PLAUTO	Read and plot the results from AUTO
SQSIDE	Does the same as SQRAW, either for the 90° left detectors or for the 90° right detectors
TQRAW	Does the same as SQRAW except that data are normalised to transmission monitor so as to perform a first approximation to the attenuation correction
SQANG	Calculate S(Q) from .NRM file data
BEAM	Plot the beam log (see section 4.6)
NPOLD	Plot a previous day's neutron/proton ratio (see section 4.6)
NPNEW	Plot today's neutron/proton ratio (see section 4.6)
TCUR n	Load a temperature log for the current run into Wn
TOLD m nnnn	Load a temperature log for run nnnn into Wm
K/H	This GENIE command (KEEP/HARDCOPY) will save the last plot into a plot file (named DEC_POSTSCRIPT.DAT)
LAS3	Following K/H this will send a hardcopy plot to the laserprinter in the LAD cabin
TOF	Produce a powder profile1 suitable for profile refinement. Once TOF has been run successfully the profile (in workspace W27 for example) may be saved as a .DAT file by TR W27 G_F:PROLSFILE W27
TOF2	Does the same as TOF, except that it uses detectors on only side of the instrument
Table 6 GENIE Commands for Inspecting the Data

It is recommended that for a first examination of the data one uses the program NQ to look at data from the backward angle detectors (150°, angle number 7) since these detectors have a high count rate and this program is relatively quick. However, the program NQ produces an output whose appearance is rather different to that of the structure factor S(Q) as a consequence of its simple normalisation to the incident monitor spectrum (this introduces the ratio of monitor and detector efficiency functions as an additional factor). The program SQRAW is slower to run, but it produces an output whose appearance is more similar to that expected for the structure factor. A choice is offered by SQRAW of using either a raw vanadium data file (.RAW) or a vanadium data file which has been smoothed using the ATLAS [2] vanadium smoothing routine (.SMO) - obviously the user should not select the smoothed data option unless they have previously run the smoothing routine.
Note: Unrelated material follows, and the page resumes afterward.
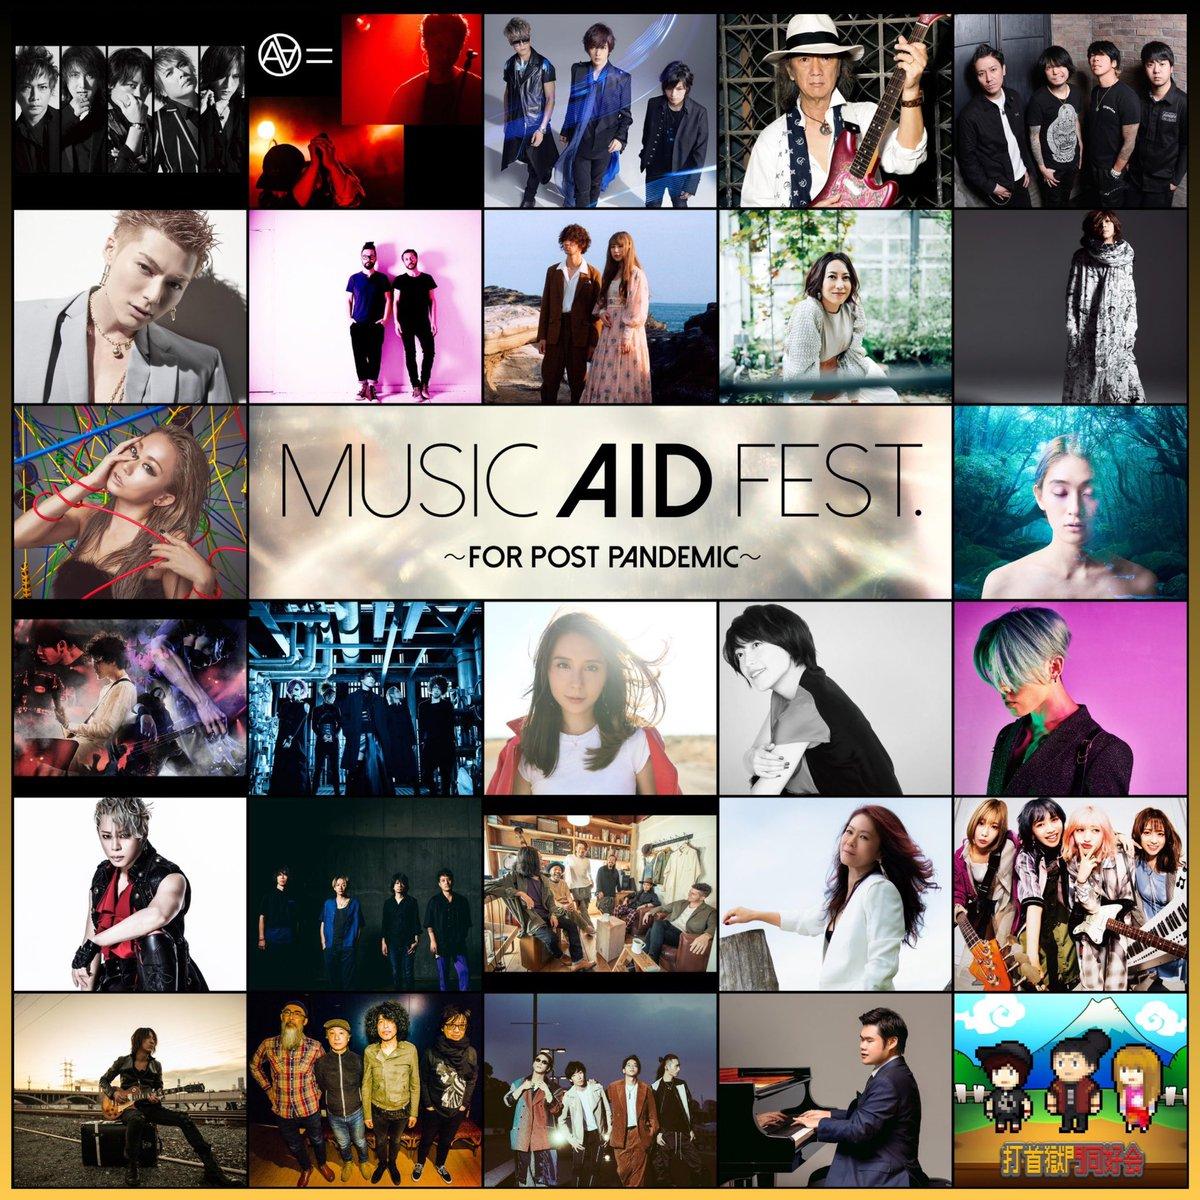 📺👀‼️『MUSIC AID FEST.〜FOR POST PANDEMIC〜』#MIYAVI も出演する3時間の生放送フェス、このあと18時からスタート!▶︎番組サイト:▶︎配信サイト:@MIYAVI_OFFICIAL #musicaidfest
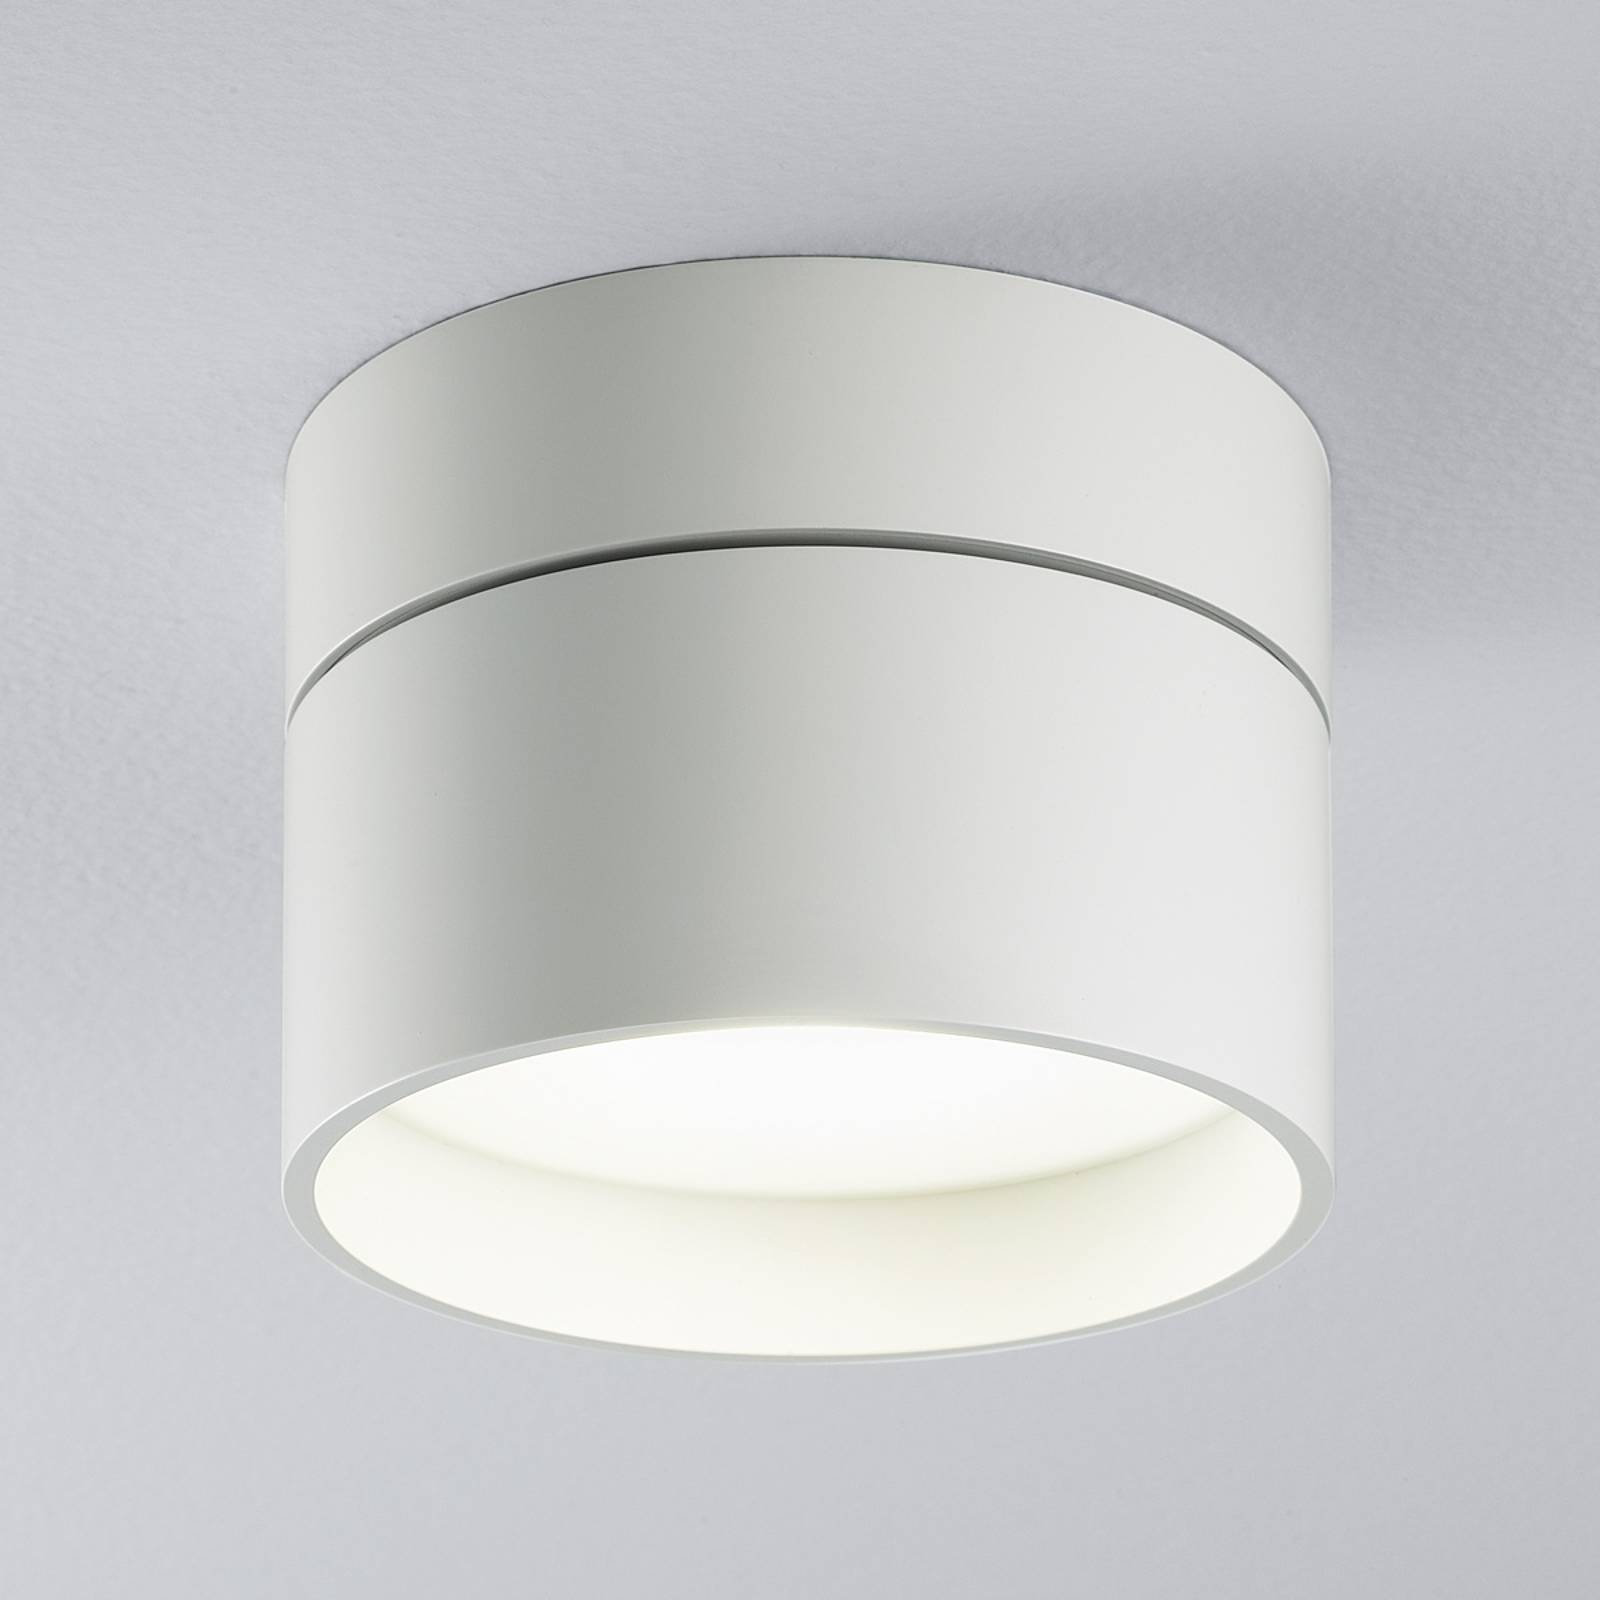 LED-kattovalaisin Piper, 15 cm

The two sides of the LAD detector system are named Left and Right according to a convention whereby the instrument is viewed facing towards the source. There is also a convention in the data analysis in which the angles for the left hand side are given as negative whilst those on the right are positive.

LAD Detector angle conventions (view of LAD from above)
Angle	Group	Spectrum numbers	Detectors
1	1	S12	5° gas Left
	2	S11	5° gas Right
2	3	S10	10° gas Left
	4	S9	10° gas Right
3	5	S42>S49	20° scintillator Left
	6	S50>S57	20° scintillator Right
4	7	S33>S41	35° scintillator Left
	8	S58>S66	35° scintillator Right
5	9	S24>S32	60° scintillator Left
	10	S67>S75	60° scintillator Right
6	11	S15>S23	90° scintillator Left
	12	S76>S84	90° scintillator Right
7	13	S1>S4	150° gas Left
	14	S5>S8+S85>S88	150° gas Right
Table 7 LAD Detector Groupings (S42>S49 means spectrum numbers 42 to 49)

It can be quite time-consuming to run the program SQRAW repeatedly for each of the seven different detector angles, and hence an automated method of doing this has been set up. This is run by typing AUTO and then giving the sample and vanadium run numbers. A batch job is initiated which creates a file [LAD.SQRAW]LAD01234.SQRAW for example. When the batch job has completed the results may be plotted in GENIE by use of the command PLAUTO and Figure 4 shows typical results. The .SQRAW files created by the AUTO program will eventually be deleted from the computer in order to save disc space.

¹ A detailed discussion of profile refinement is beyond the scope of this manual. However, other programs have been set up by the ISIS Crystallography Group for dealing with the profile refinement of LAD data, and further information can be obtained from a member of this group.

Last Updated 09 Nov 1998